Can someone PLEASE answer his question?


----------



## discipulo

a great scholar, I'm looking forward to read his volume on Romans,

arguably the best Commentary on Romans available, 

and I have bennefited greatly from his Introduction to the New Testament

made with D A Carson.

http://www.wheaton.edu/Theology/faculty/moo/


here there are PDF of articles, some even published as chapters of books, one interacting with NPP.

http://www.djmoo.com/biblicalstudies.html


----------



## Jimmy the Greek

He wrote one of the perspectives in _Five views on Law and Gospel_ editied by Stanley N. Gundry (Zondervan 1996).

I have heard him associated with the New Covenant Theology (NCT) of Calvinistic Baptists in contradistinction to both Covenant Theology and Dispensationalism. Correct me if I'm wrong.


----------



## SolaScriptura

Doug Moo is a soteriologically Calvinisitic evangelical. His post-trib premillenialism initially caused a big stink in the EFCA and TEDS (where he taught for a long time, prior to going over to Wheaton). 

He is unquestionably a good NT scholar. He believes in a dynamic equivilance translation theory - very much like DA Carson. 

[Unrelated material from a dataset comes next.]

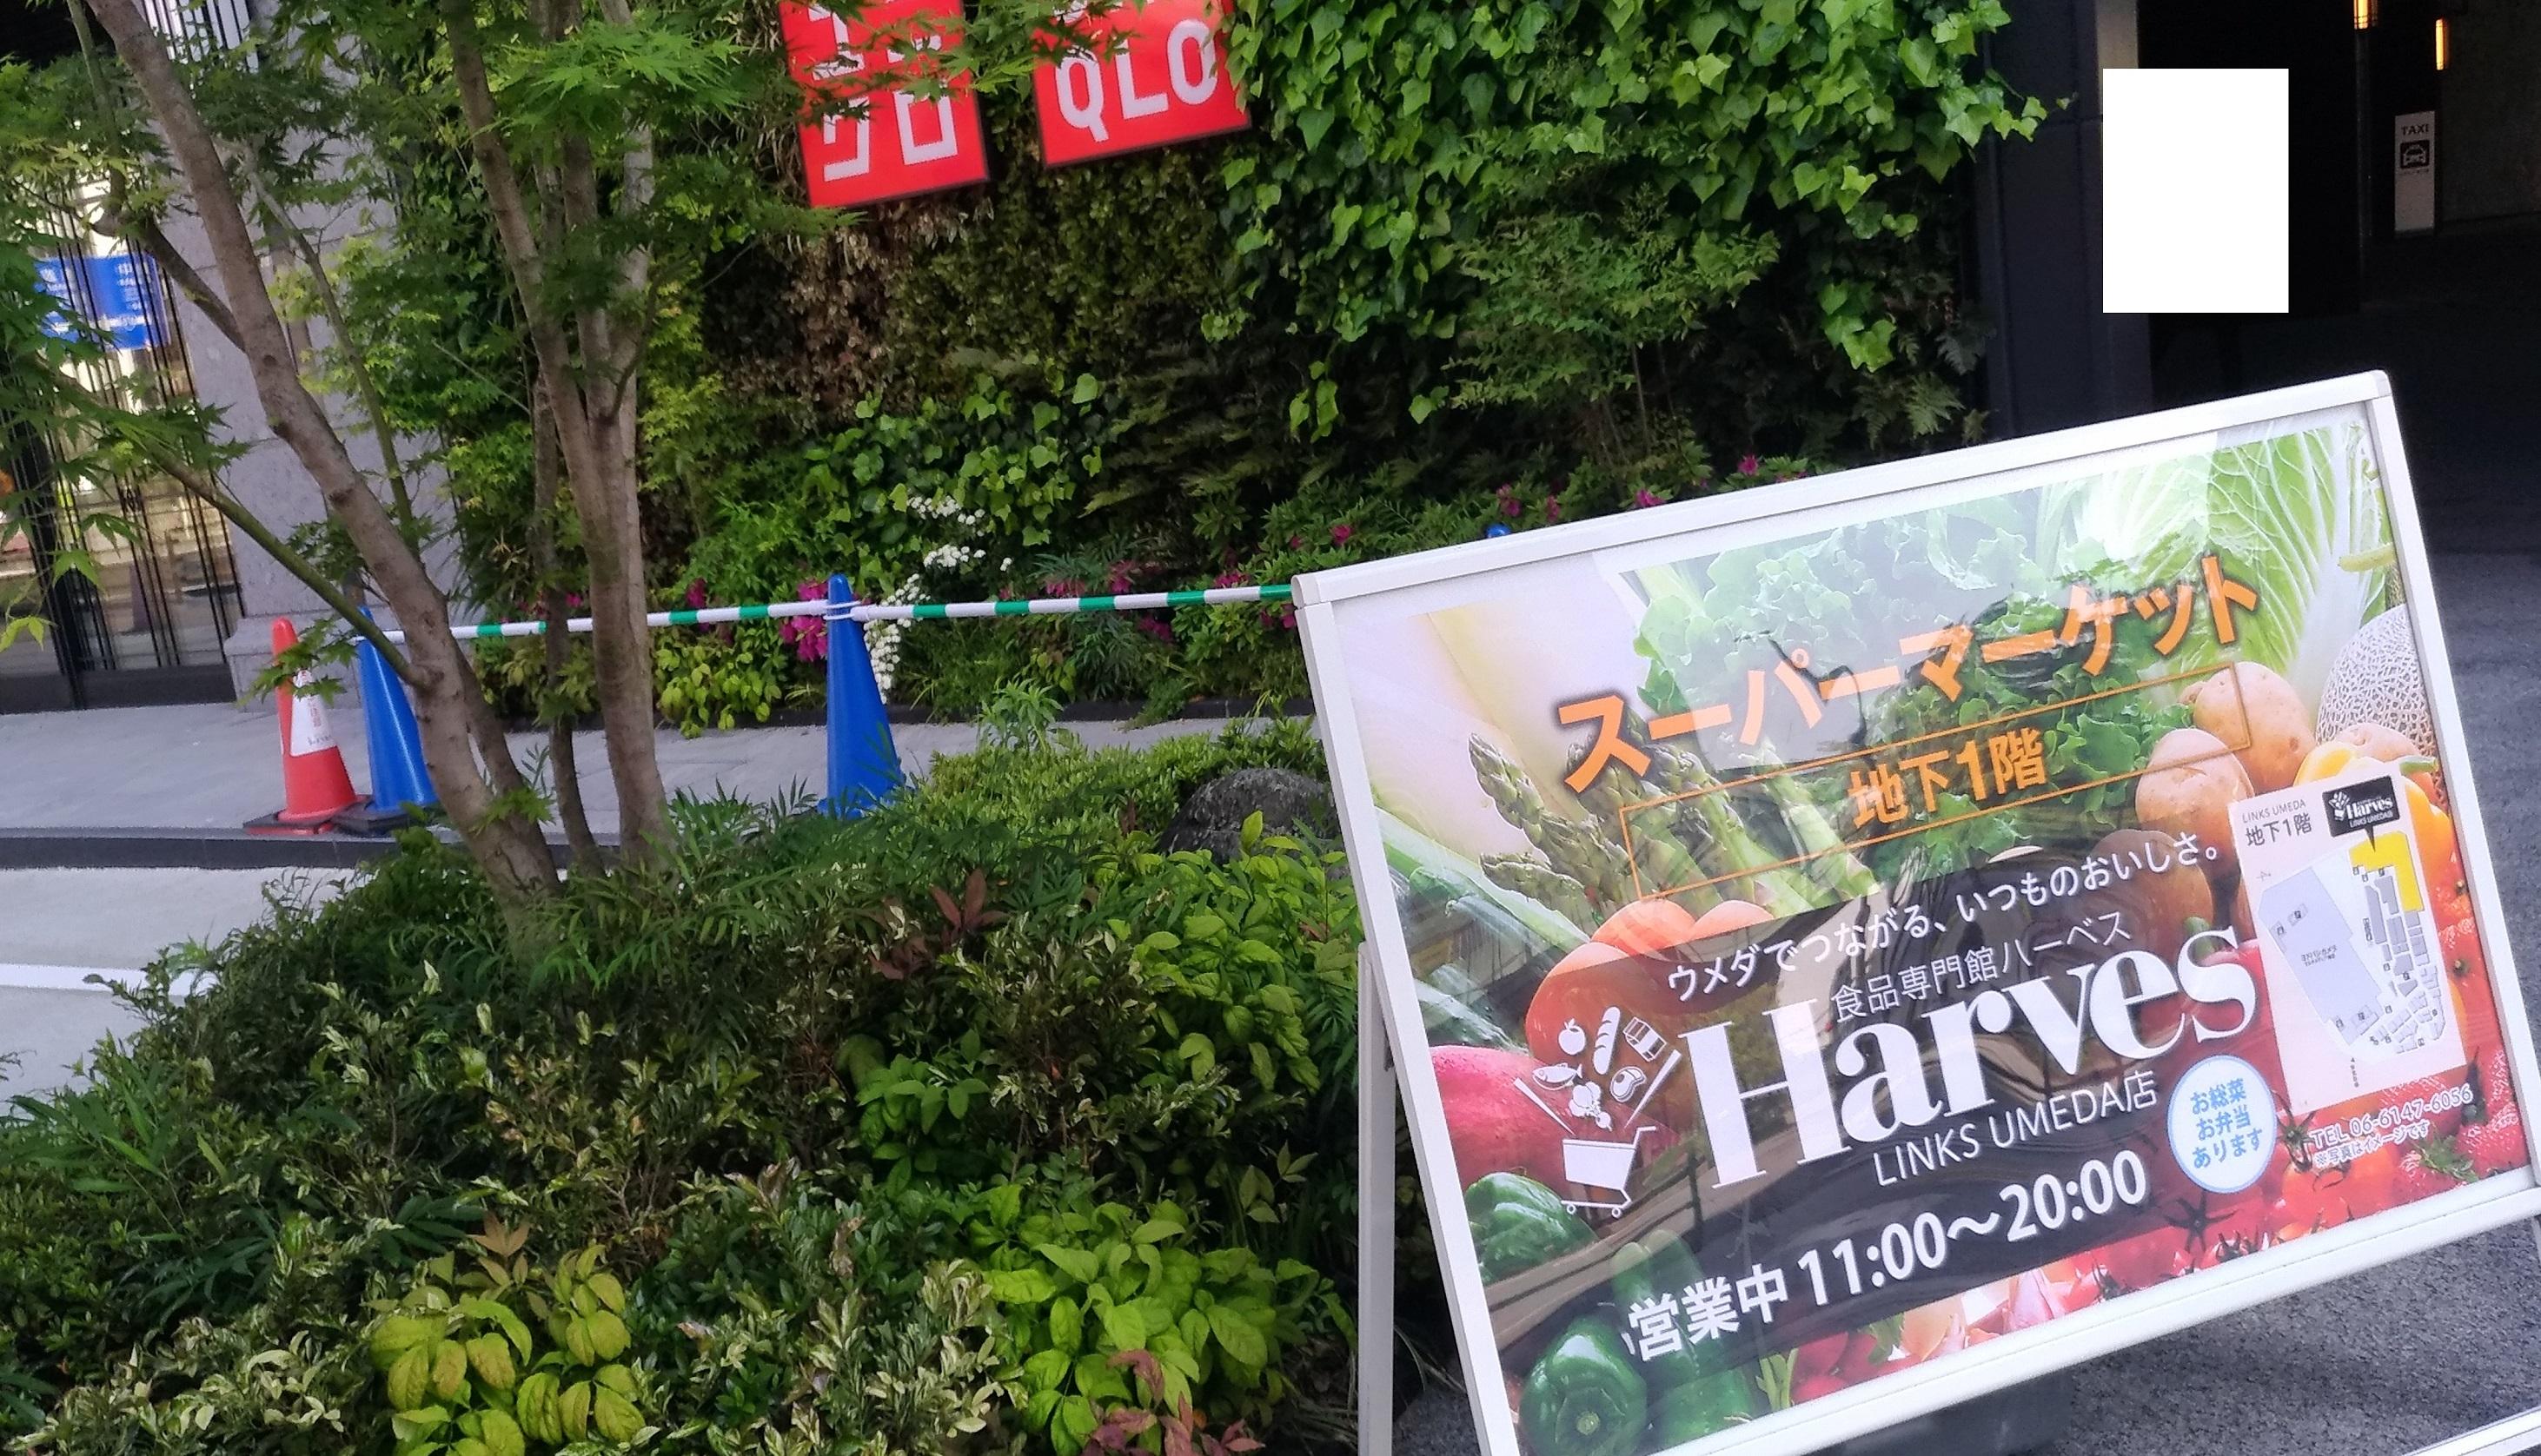 links_umeda_gw_0504_2.jpg

You don't have to agree with his acceptance of a certain translation theory to benefit from his solid exegetical skills and his superb commentaries.

Reactions: Praying 1


----------



## Archlute

And he also has a new commentary on Galatians coming out sometime in the near future. A friend of mine took a summer course with him where he passed out the manuscript. He said it was the best commentary on St. Paul's epistle the Galatian church that he had yet seen.


----------